Девица перестала улыбаться. Она явно не ожидала ответа таким холодным и сухим тоном, тем более от такого красавца.
А Марат был красив. Темные, густые и коротко стриженые волосы оттеняли загорелое лицо. Ясные голубые глаза при этом казалось светились изнутри. Несмотря на нынешнее хмурое выражение лица, глаза как будто улыбались сами по себе. Мягкие черты располагали к себе и манили девушек улыбаться ему всегда. Мало того: он был высок, хорошо сложен, молод, умен, богат и влюблен. «Золотая молодежь» - это было про Марата, но лишь наполовину. Да, деньги и положение отца безусловно сыграли свою роль и возможностей у Марата в этой жизни было много. Но в отличие от своих одноклассников, а потом и однокурсников, он эти возможности использовал: неплохое образование, отменное здоровье и правильные цели. Отец безусловно во всем полагался на сына в его 29 лет. Поэтому должность финансового управляющего в горно-добывающем комплексе, основанном еще его дедом, была фактически наследством. Большой собственный дом за городом, квартира недалеко от центра и прочие атрибуты молодого удачливого бизнесмена присутствовали в его жизни. А теперь была и цель: семья. И, конечно же, дети. Много детей: красивых как Эмма дочек и сильных сыновей, которые будут продолжать семейное дело. Все было хорошо. Правда, иногда у Марата были философские размышления на тему «когда все так хорошо, жди беды», но он старался не делиться этими мыслями ни с кем вслух, боясь спугнуть свою удачу. И правильно боялся, как оказалось.

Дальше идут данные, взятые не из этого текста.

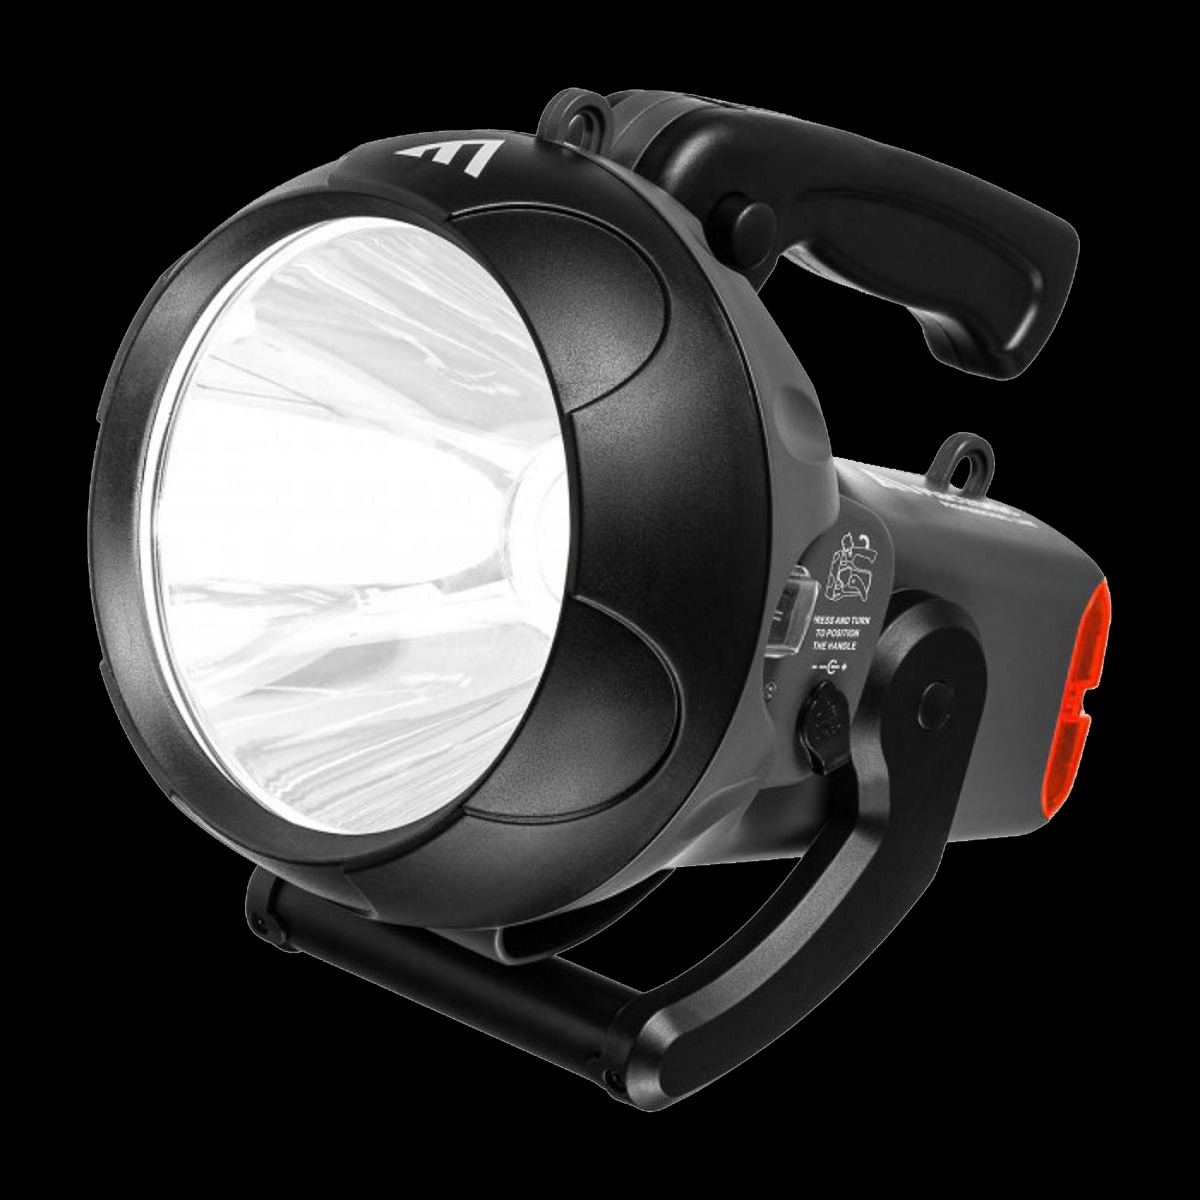 Wiederaufladbarer Suchscheinwerfer mit rückwärtigem Blinklicht, 1600 lm, Vanguard JML

Повернувшись, он толкнул входную дверь ногой. Дверь открывалась в обе стороны. Бесконечными коридорами и лестницами, преследуемый тошным запахом лекарств, Марат вернулся в палату Эммы. Она все еще спала. Вторые сутки подряд. Он сел рядом с ее кроватью на металлический больничный стул, взял ее за руку, нащупал пульс и, убедившись, что она все-таки просто спит, зажал ее ладонь в своих руках.
Она похудела. Нет, она никогда не была толстой, всегда была очень худенькой и подтянутой, но сейчас она просто похудела настолько, что он не мог этого не замечать. Но кроме худобы его настораживали несколько фактов: ее волосы были чистыми, не спутавшимися и производили впечатление, будто она недавно была в салоне и «ровняла кончики», как она всегда говорила. А ногти на руках и ногах ее были ухоженными. Без маникюра, без ярких красок, но аккуратно и ровно подстрижены. И грязи под ногтями у нее не было. И если она сбежала из того места, где ее держали, то это, видимо, далось ей легко и без борьбы… Где она была, что с ней было все эти три месяца?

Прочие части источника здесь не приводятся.